Community, Diversity, Sustainability and other Overused Words

HoneyLove.org Hosting Bee Box-Building and Painting Event April 30

Help save the bees by finding some inspiration for painting a bee box.

Spring is a vulnerable time in the life of honey bees. The bees leaving the hive to create a new home are provisioned only with the nectar or honey they carry in their stomachs. A swarm will starve if it does not quickly find a home and more nectar stores.

It's a good thing when honey bees swarm in the spring-great, in fact. It means they're healthy, their colony is growing and about half the bees have left in search of a place to start a new colony. Homeowners can help by building a bee box where those helpful pollinators can temporarily take up residence and then call bee experts to come and collect them. Think of it as your own "Air Bee N Bee."

HoneyLove, a nonprofit organization that encourages urban beekeepers, is hosting an event to help people build their own bee box, Sunday, April 30, 2017 from 9 a.m. to 1 p.m. at Dunn-Edwards Paints in Culver City.

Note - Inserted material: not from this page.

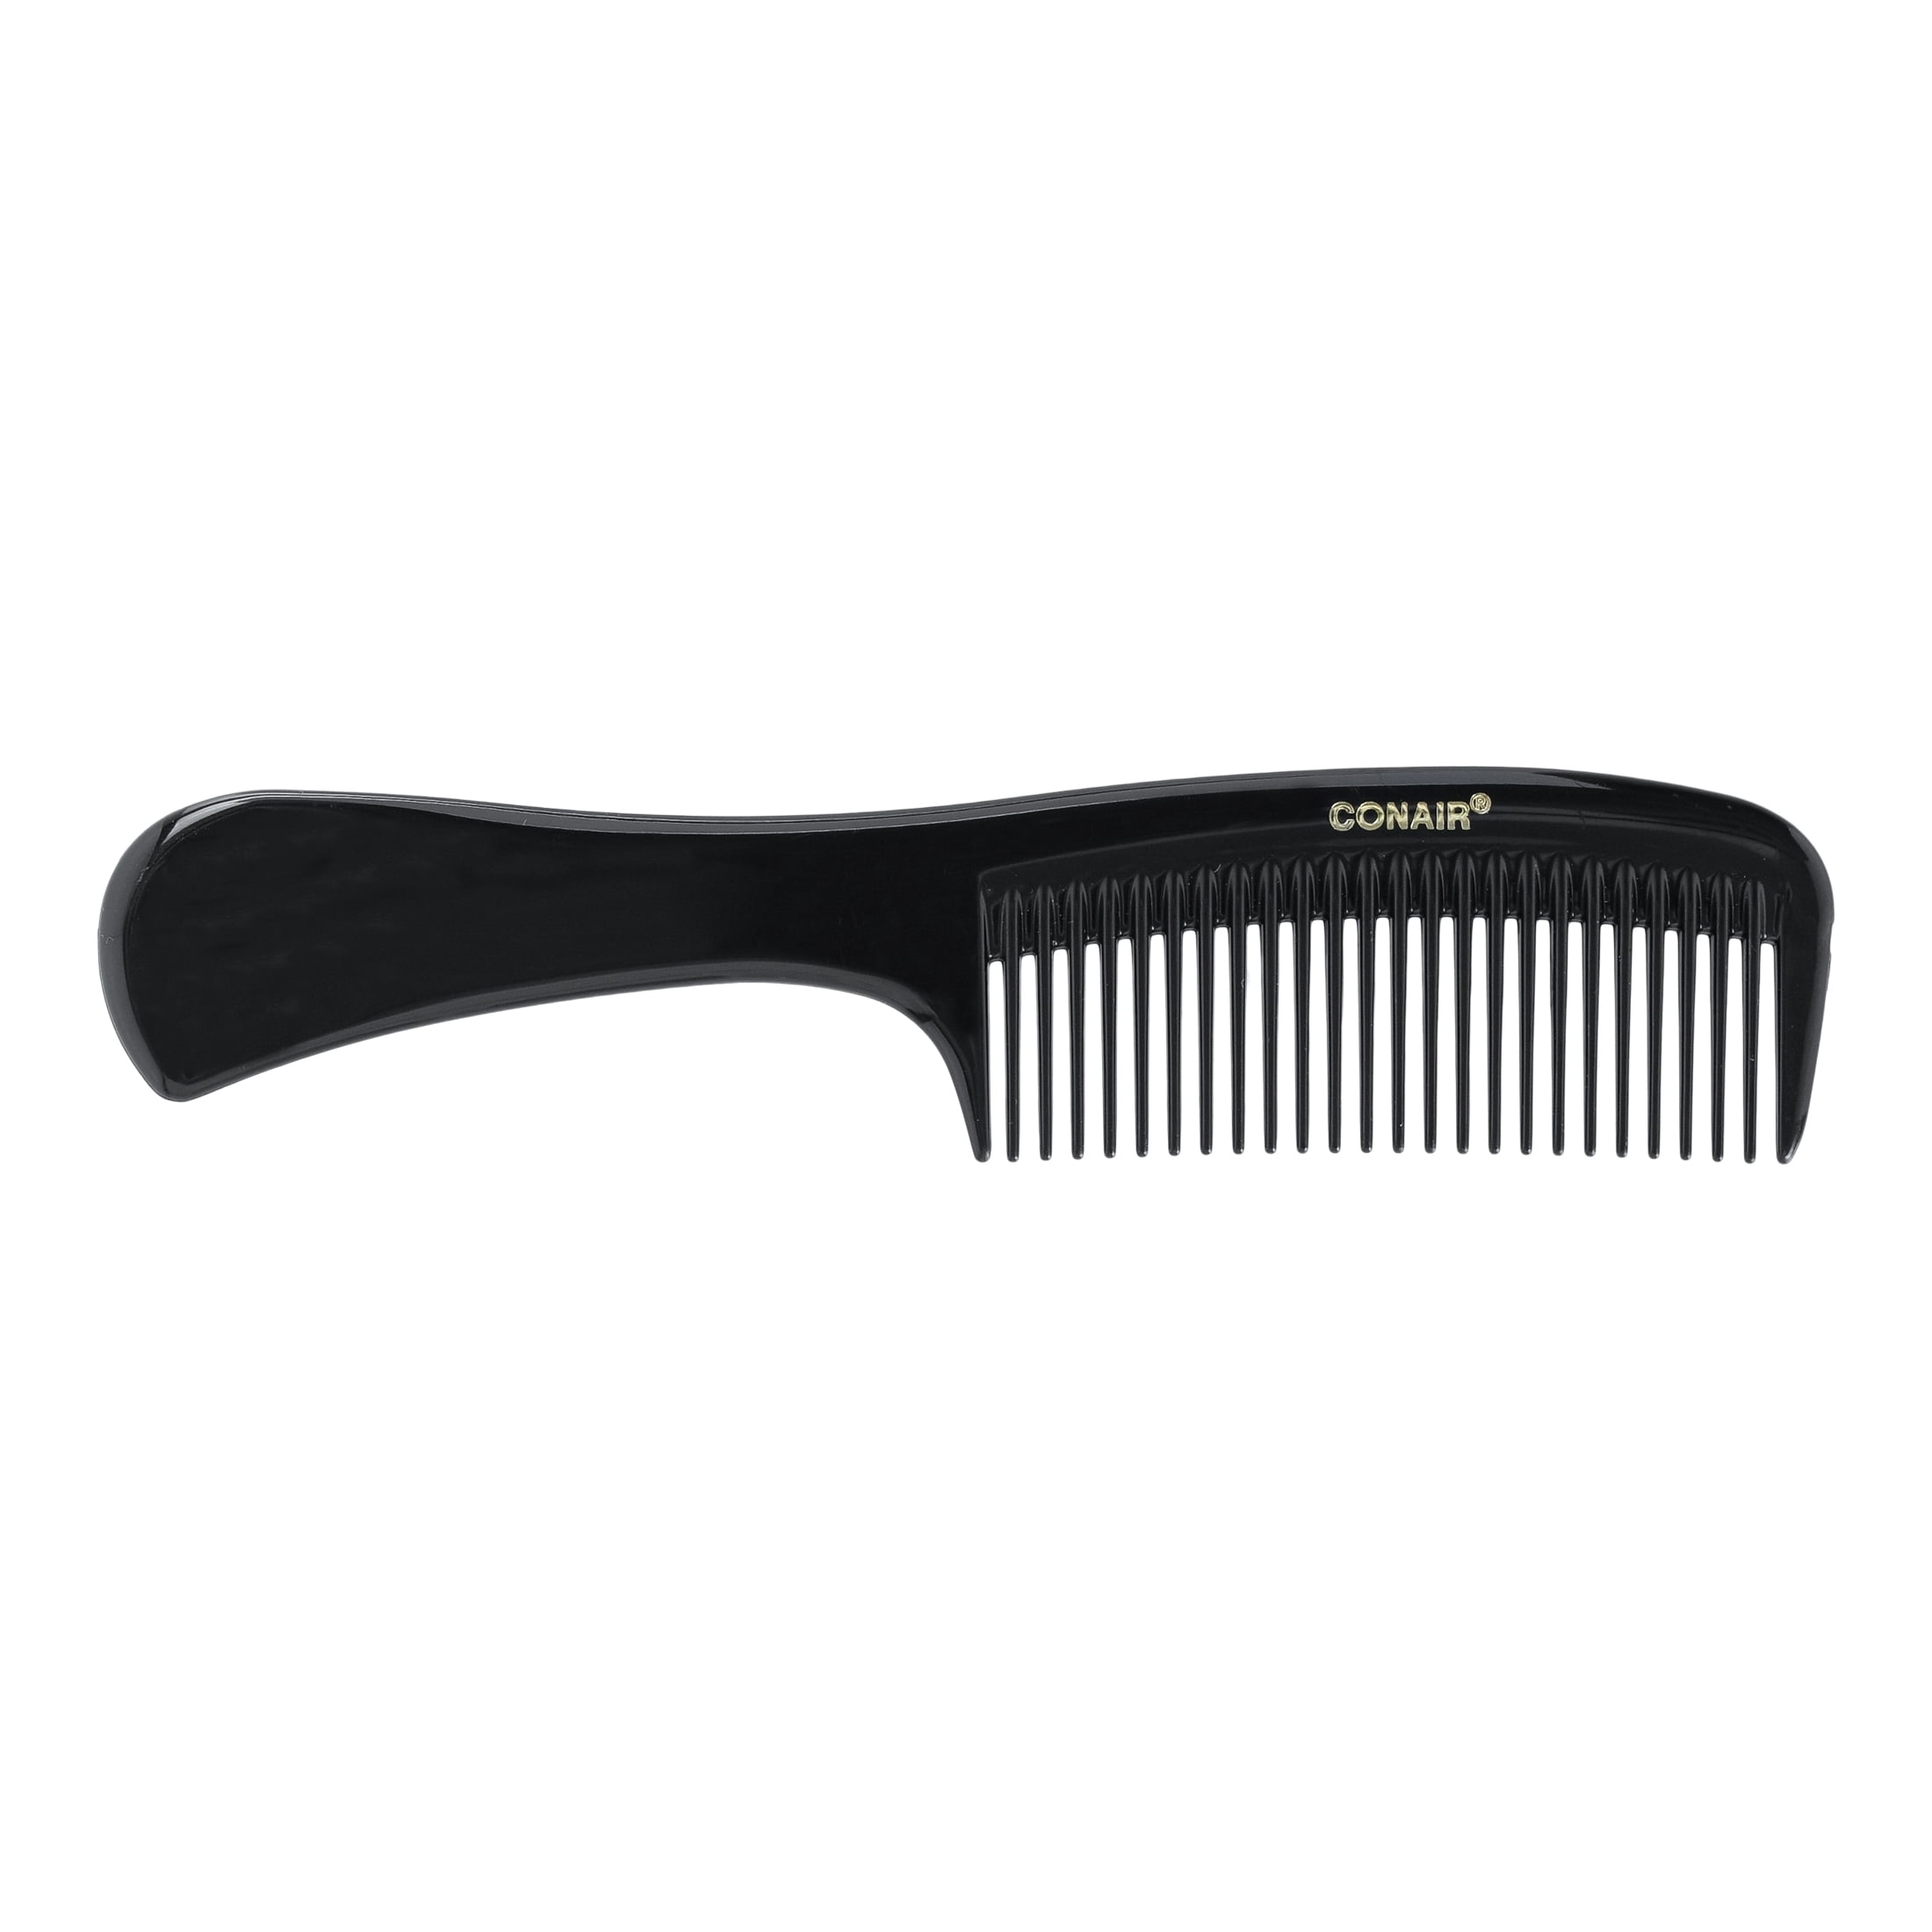 Conair Classic Styling Essential Compact Comb with Handle in Black, 1 ct

Zero-VOC paints will be provided by Dunn-Edwards for people to decorate their bee boxes and they will award prizes for the most creative boxes and paint samples to take home.

Street mural artist Clinton Bopp (who often incorporates bees into his designs) will be on hand to help people draw and paint their boxes. HoneyLove's Bee Team will provide all the materials for the bee boxes, plus fun activities for kids, bee costumes and information about backyard beekeeping. Conrad Burton, head apiary inspector for LA County, will provide tips about how to register and keep a bee hive legally in one's own backyard.

"If you see a big cluster of bees on a tree or roof eave, consider yourself lucky," said Paul Hekimian, director of the Los Angeles-based HoneyLove. "The bees have chosen you for their spring shelter and you have an opportunity to save them.

Hekimian points out how critically important it is for all of us to help bees flourish. Last year, beekeepers lost 44 percent of their honey bee colonies, and seven species of honey bees are on the U.S. endangered species list. "If bees are not around to pollinate our food crops, we won't be able to feed the current population. If the bees go, we go-literally."